Life-inspired Interoceptive Artificial Intelligence for Autonomous and Adaptive Agents
Sungwoo Lee, Younghyun Oh, Hyunhoe An, Hyebhin Yoon, Karl J. Friston,, Seok Jun Hong, Choong-Wan Woo

TL;DR
This paper proposes a novel approach to creating autonomous and adaptive AI agents by integrating interoception, inspired by biological organisms, with cybernetics, reinforcement learning, and neuroscience insights.
Contribution
It introduces a new perspective on interoception's role in AI, combining biological principles with modern theories to enhance autonomous and adaptive agent design.
Findings
Interoception can improve agent adaptability in changing environments.
A new framework integrating cybernetics and neuroscience for AI development.
Potential for more life-like autonomous agents.
Abstract
Building autonomous -- i.e., choosing goals based on one's needs -- and adaptive -- i.e., surviving in ever-changing environments -- agents has been a holy grail of artificial intelligence (AI).

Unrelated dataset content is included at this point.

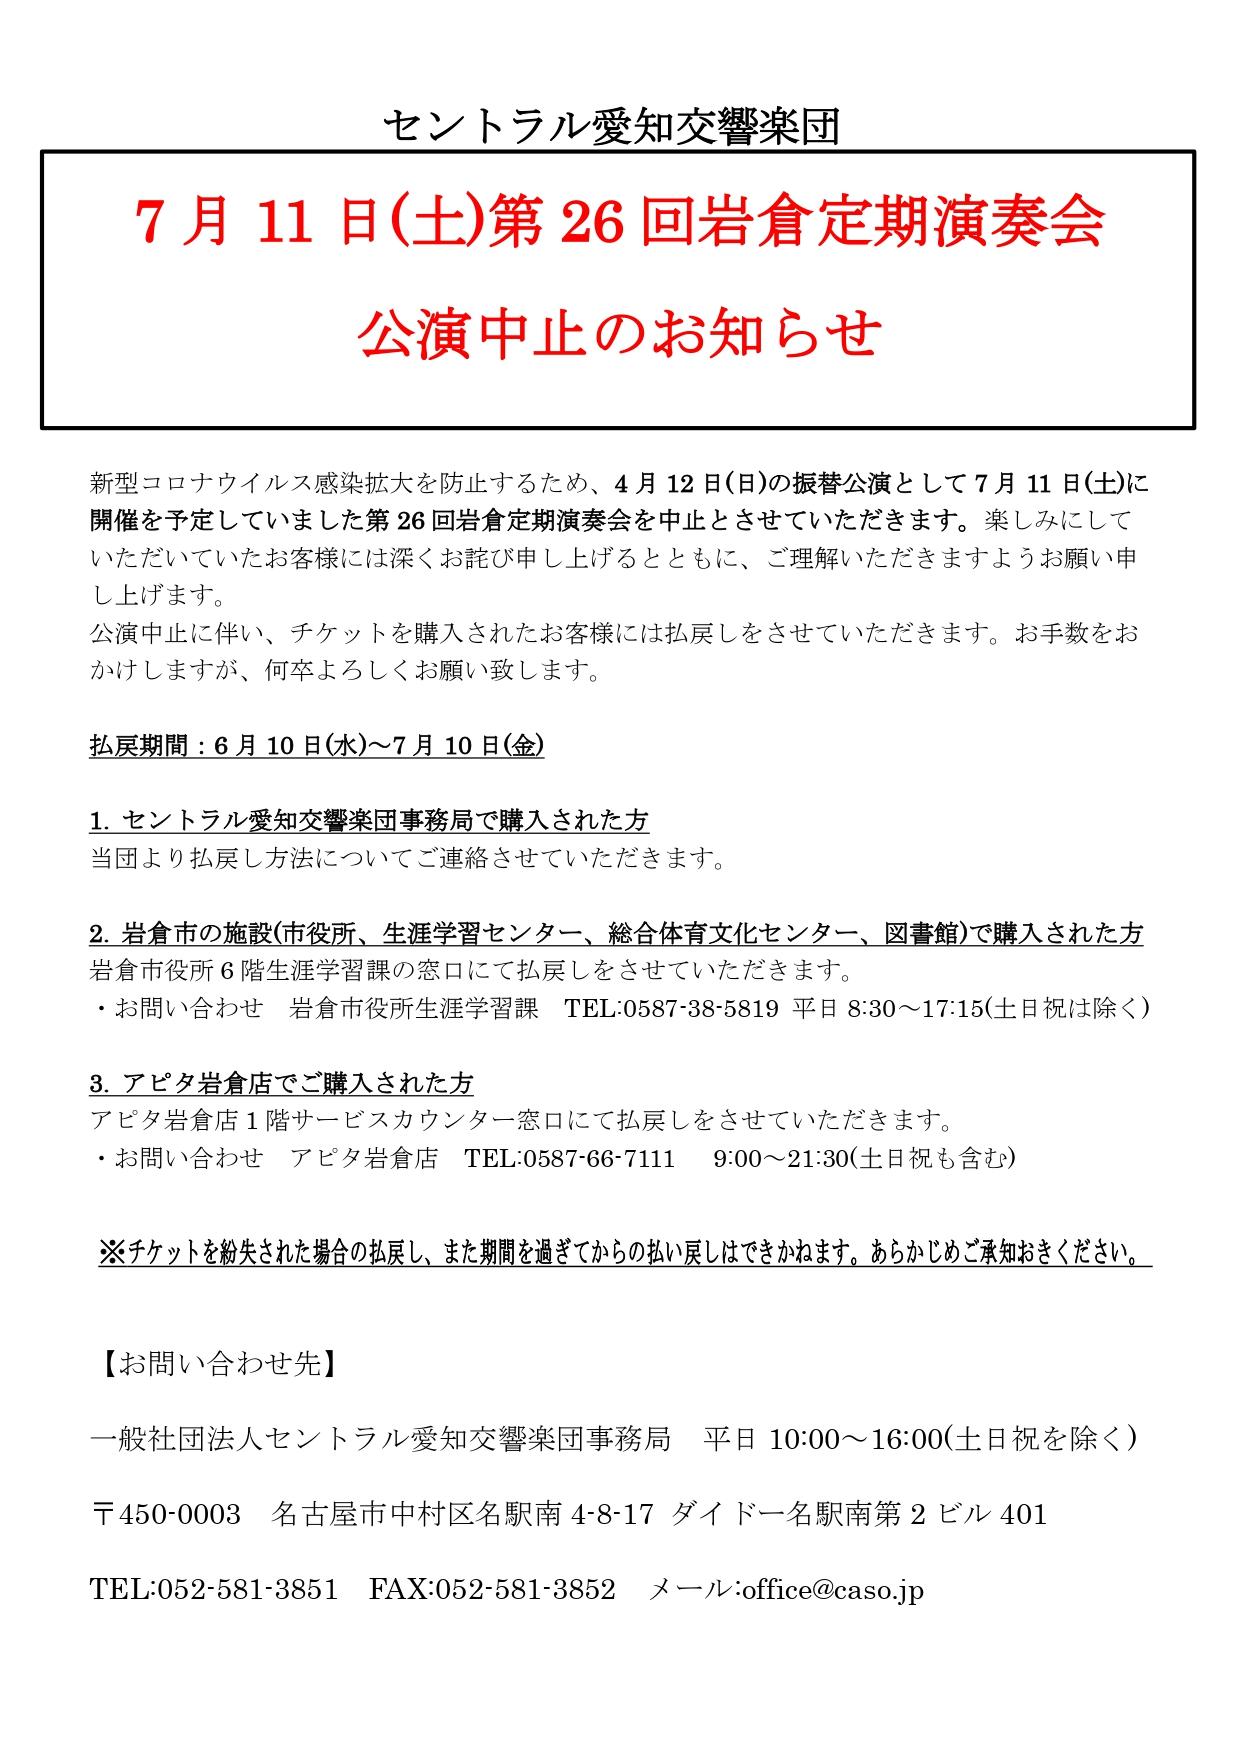 【公演中止】第26回岩倉定期演奏会[4/12振替公演]

A living organism is a prime example of such an agent, offering important lessons about adaptive autonomy. Here, we focus on interoception, a process of monitoring one's internal environment to keep it within certain bounds, which underwrites the survival of an organism. To develop AI with interoception, we need to factorize the state variables representing internal environments from external environments and adopt life-inspired mathematical properties of internal environment states. This paper offers a new perspective on how interoception can help build autonomous and adaptive agents by integrating the legacy of cybernetics with recent advances in theories of life, reinforcement learning, and…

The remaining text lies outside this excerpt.